Throughput should be as good as having a single FMA unit, with the caveat that you need two instructions, and that the chip frontend can only decode two instructions per clock. It's not as bad as it sounds, because in x86 an alu op can also contain a memory op (and you effectively need at least one of those for every alu op). However, since there is always some overhead, I'd expect that the chip can't quite reach it's theoretical max due to issue throughput, unless it can decode two 256-bit AVX ops per clock. That would be awesome. (I'm not too optimistic about that, though -- BD can't do that.)
The hard part of putting more cores in a system is cache coherency, or snooping. Every time you write to a cache line for the first time, or read in a new cache line, you effectively need to ask every cache in the system if they have that line. In older cache systems, that's literally what happened. As you add more cores, that doesn't scale.
So, instead you make your LLC (Last Level Cache, the cache that will pass requests to memory if they are not found, L3 for Intel, L2 for Jaguar) inclusive, so that every cache line must be found in it, and then deal with coherency there. So now you only have to ask one place. Having two L2 caches means you have to ask your own, and the foreign cache, and it's worse than the cleaner system, but it's not yet horrible (and it's probably much easier to do than just making a LLC that can support the volume of requests needed by 8 cores).
That, by the way, is exactly how ppc470 cores are laid out. They are coupled with L2 in "clusters" of 4, and then these clusters can be combined together on the bus.
The slides released are completely silent on the Jaguar system architecture, so all this is just speculation. However, I really do think that the very last point on the L2 slide points to this -- the 16 additional snoop queue spots would be very useful if you wanted to put more Jaguar "clusters" in a system.
BD disappointed me, Bobcat was a very positive surprise. Frankly, given the design restrictions, I did not expect to be anywhere near as good as it is. It has a few shortcomings (integer divide wtf), but all in all it's a very efficient, simple architecture. It's basically what Atom should have been.

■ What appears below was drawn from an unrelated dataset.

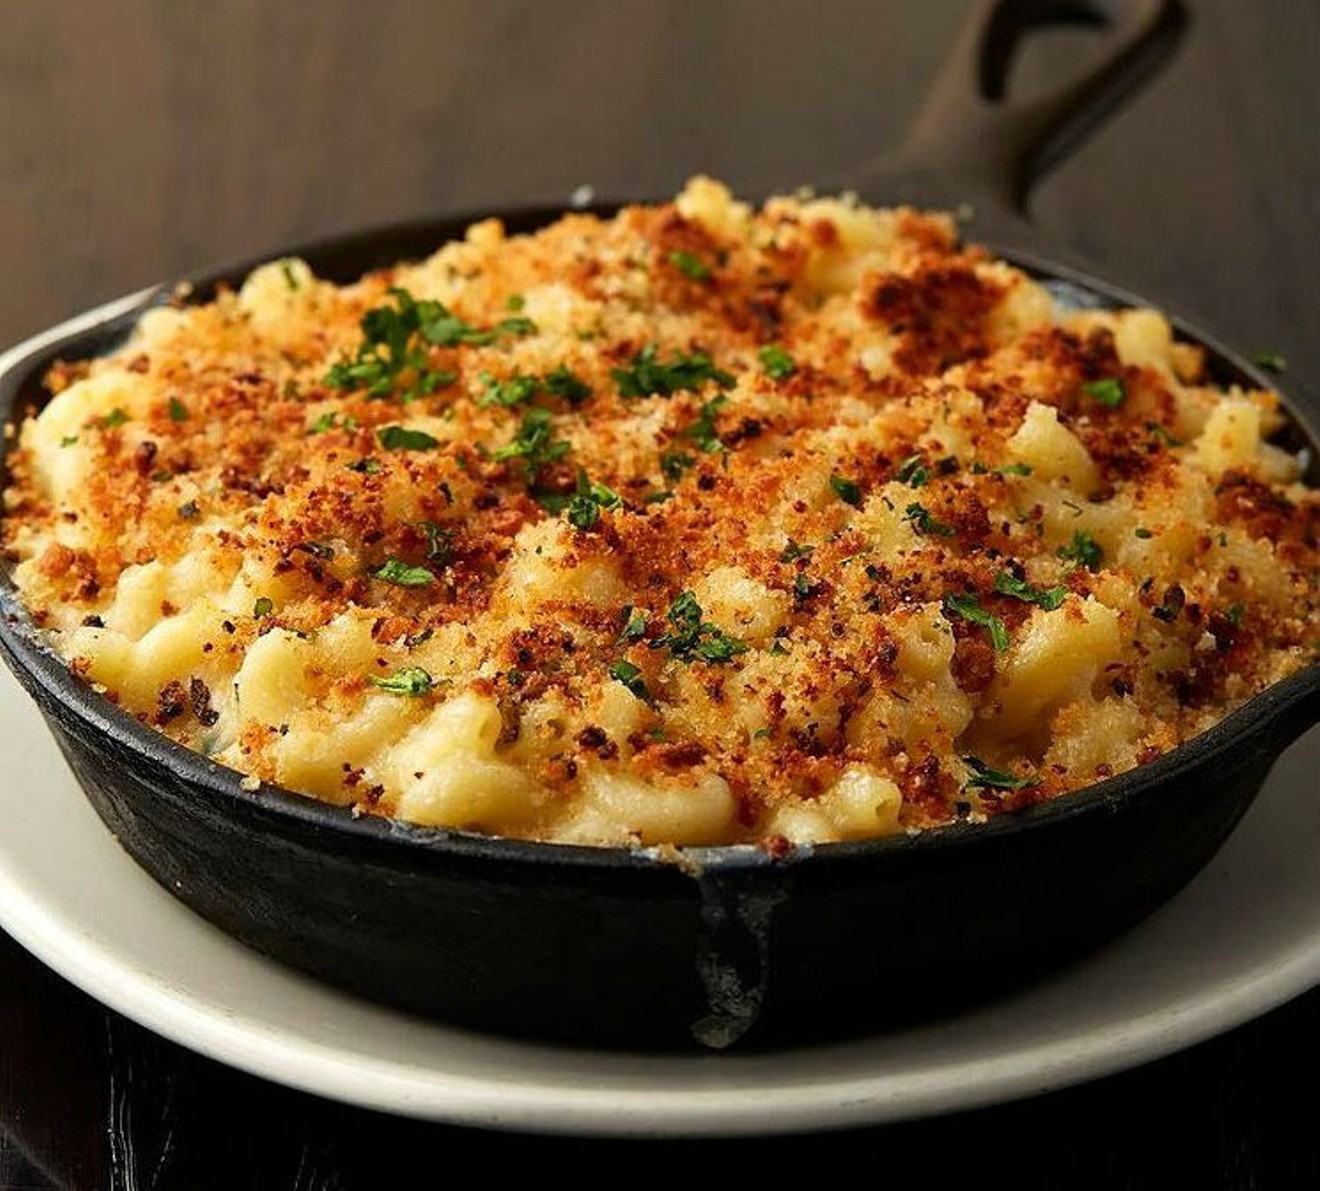 Dish Preston Hollow closed Jan. 2, so you can no longer try its jalapeño mac and cheese.

A lot of people seem disappointed at the apparent lack of oomph in Jaguar. Don't be. It won't reach as high numbers as the best of them, but it is freakishly efficient compared to what console devs are used to. For walking down decision trees and the like it will easily be at least 5x better per clock, with intelligent optimizing even more than that. (I mean, this is a cpu with a 1-cycle latency, 1/2 cycle reciprocal throughput conditional move...). And in the areas where it will be at it's weakest, a lot of the work can be offloaded to the GCN CUs.
128GFlops. 8 cores * 2 instruction per clock (FMUL + FADD) * 4 elements per vector * 2GHz. And that includes doing the operand loads.
Yes. One Jaguar core has half the peak flops compared to one Ivy Bridge core (at same clocks). So a 8 core Jaguar should match 4 core (8 thread) Ivy Bridge if both are clocked the same. That's pretty good for such a small CPU. I wonder if they are planning 16 core (four module) versions as well (would be nice for some server setups).
I think 16 core would start to have serious problems with coherency. The costs go up exponentially with agent count, and also with distance between the coherency agents (which would necessarily be much more in a 4-"cluster" system than in a 2-cluster one).
Besides, the kinds of server loads where Bobcat would be interesting don't really want large systems, they want a lot of systems per rack unit. So AMD might well manufacture a server soc with 16 (or even more -- the chip wouldn't be *that* huge) Jaguar cores in it, but I would expect it to contain 4 separate systems and a shared IO hub, sort of like the things Seamicro wanted to build before acquisition.
Because of how this sounds I just want to clarify that the person I got that info from has dev kit access. They went with another's guesstimate because they didn't have their own.
I think most people are expecting the GPU to be above 1TFLOP.
Besides, even if BGs info is up to date, a 1.8TFLOP GPU would still fit since anything between 1-2TFLOPs would still fall in line with the 1+TFLOP quote..
The 1.8TFLOP is for PS4. 1+TFLOP for Xbox 3. Just sounds like you were crossing the two for Xbox 3. And while not recent info, I still haven't heard if any changes have been made at this time.
The 1.8TFLOP is for PS4. 1+TFLOP for Xbox 3. Just sounds like you were crossing the two for Xbox 3. And while not recent info, I still haven't heard if any changes have been made at this time.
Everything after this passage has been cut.